Integral Calculus Reviewer By Ricardo Asin Pdf: 54

Split it: [ W = 196000 \left[ 3\int_-3^0 \sqrt9-y^2 , dy ;-; \int_-3^0 y\sqrt9-y^2 , dy \right]. ]

Rico remembered Ricardo Asin’s golden rule: “For work problems, slice it, find the force on each slice, multiply by the distance that slice travels, then integrate.”

Thus: [ \int_-3^0 y\sqrt9-y^2,dy = -9. ] So minus that term: ( -\int_-3^0 y\sqrt9-y^2 , dy = -(-9) = +9).

Therefore: [ W = 196000 \left( \frac27\pi4 + 9 \right) \quad \textJoules. ] Integral Calculus Reviewer By Ricardo Asin Pdf 54

He grabbed a notebook. Page 54 of his old reviewer flashed in his mind—a similar problem with a horizontal cylinder.

The valve is at (y = 3). A slice at position (y) must be lifted vertically from (y) up to 3. Distance = (3 - y).

Engineer Rico, a young civil engineer fresh out of review, stared at a cylindrical water tank on a construction site. The tank lay on its side—a common setup for fuel or water storage. Its radius was 3 meters, and its length was 10 meters. The tank was half-full of water, and he needed to pump all the water out through a valve at the very top of the tank. Split it: [ W = 196000 \left[ 3\int_-3^0

Weight of the slice = volume × density of water (1000 kg/m³ × 9.8 m/s² = 9800 N/m³): [ dF = 9800 \cdot 20\sqrt9-y^2 , dy = 196000\sqrt9-y^2 , dy \quad \text(Newtons). ]

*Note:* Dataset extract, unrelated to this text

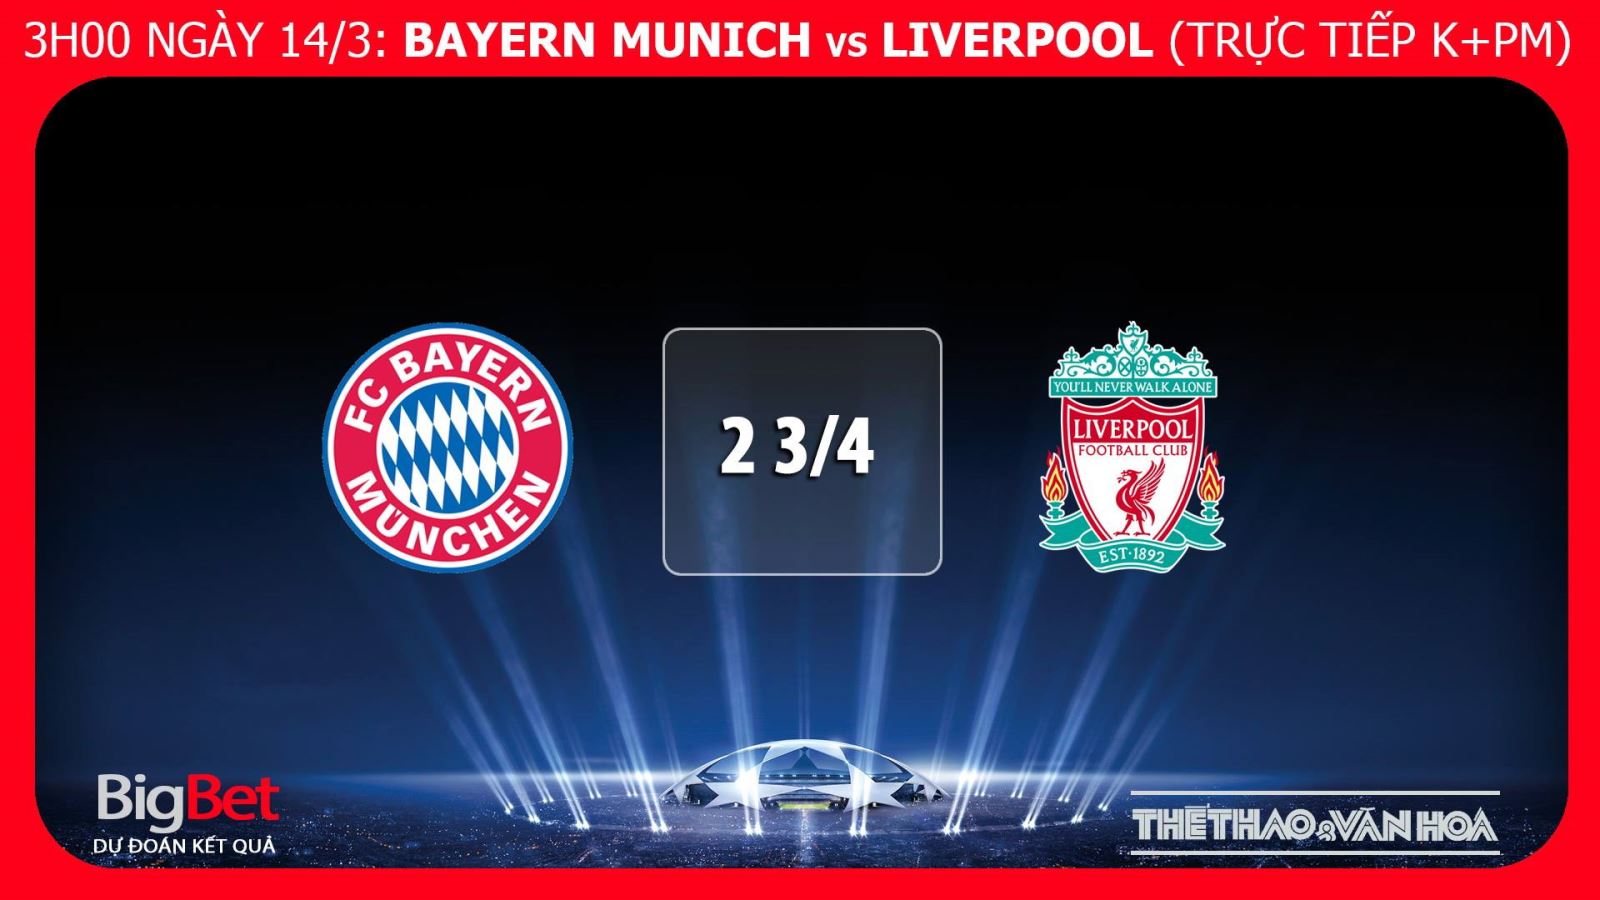 Bayern, Bayern Munich vs Liverpool, trực tiếp bóng đá, Bayern Munich vs Liverpool, truc tiep bong da, nhận định bóng đá Bayern Munich vs Liverpool, kèo Bayern Munich vs Liverpool, kèo bóng đá, nhận định Bayern Munich vs Liverpool, dự đoán bóng đá

[ dW = \textforce \times \textdistance = 196000\sqrt9-y^2 \cdot (3 - y) , dy. ]

First integral: (\int \sqrt9-y^2, dy) is a standard semicircle area formula. From (y=-3) to (0), it’s a quarter circle of radius 3. Area of quarter circle = (\frac14\pi (3^2) = \frac9\pi4). So (3 \times \frac9\pi4 = \frac27\pi4). Therefore: [ W = 196000 \left( \frac27\pi4 +

Rico told the foreman, “About 5.9 megajoules.” The foreman nodded, and the pump worked perfectly—thanks to a slice, a distance, and an integral from page 54 of Ricardo Asin’s reviewer.

[ W = 196000 \int_-3^0 (3 - y)\sqrt9-y^2 , dy. ]

Each slice’s thickness = (dy). Width of the slice = (2x = 2\sqrt9 - y^2). Volume of the slice = length × width × thickness = (10 \cdot 2\sqrt9 - y^2 \cdot dy = 20\sqrt9-y^2 , dy).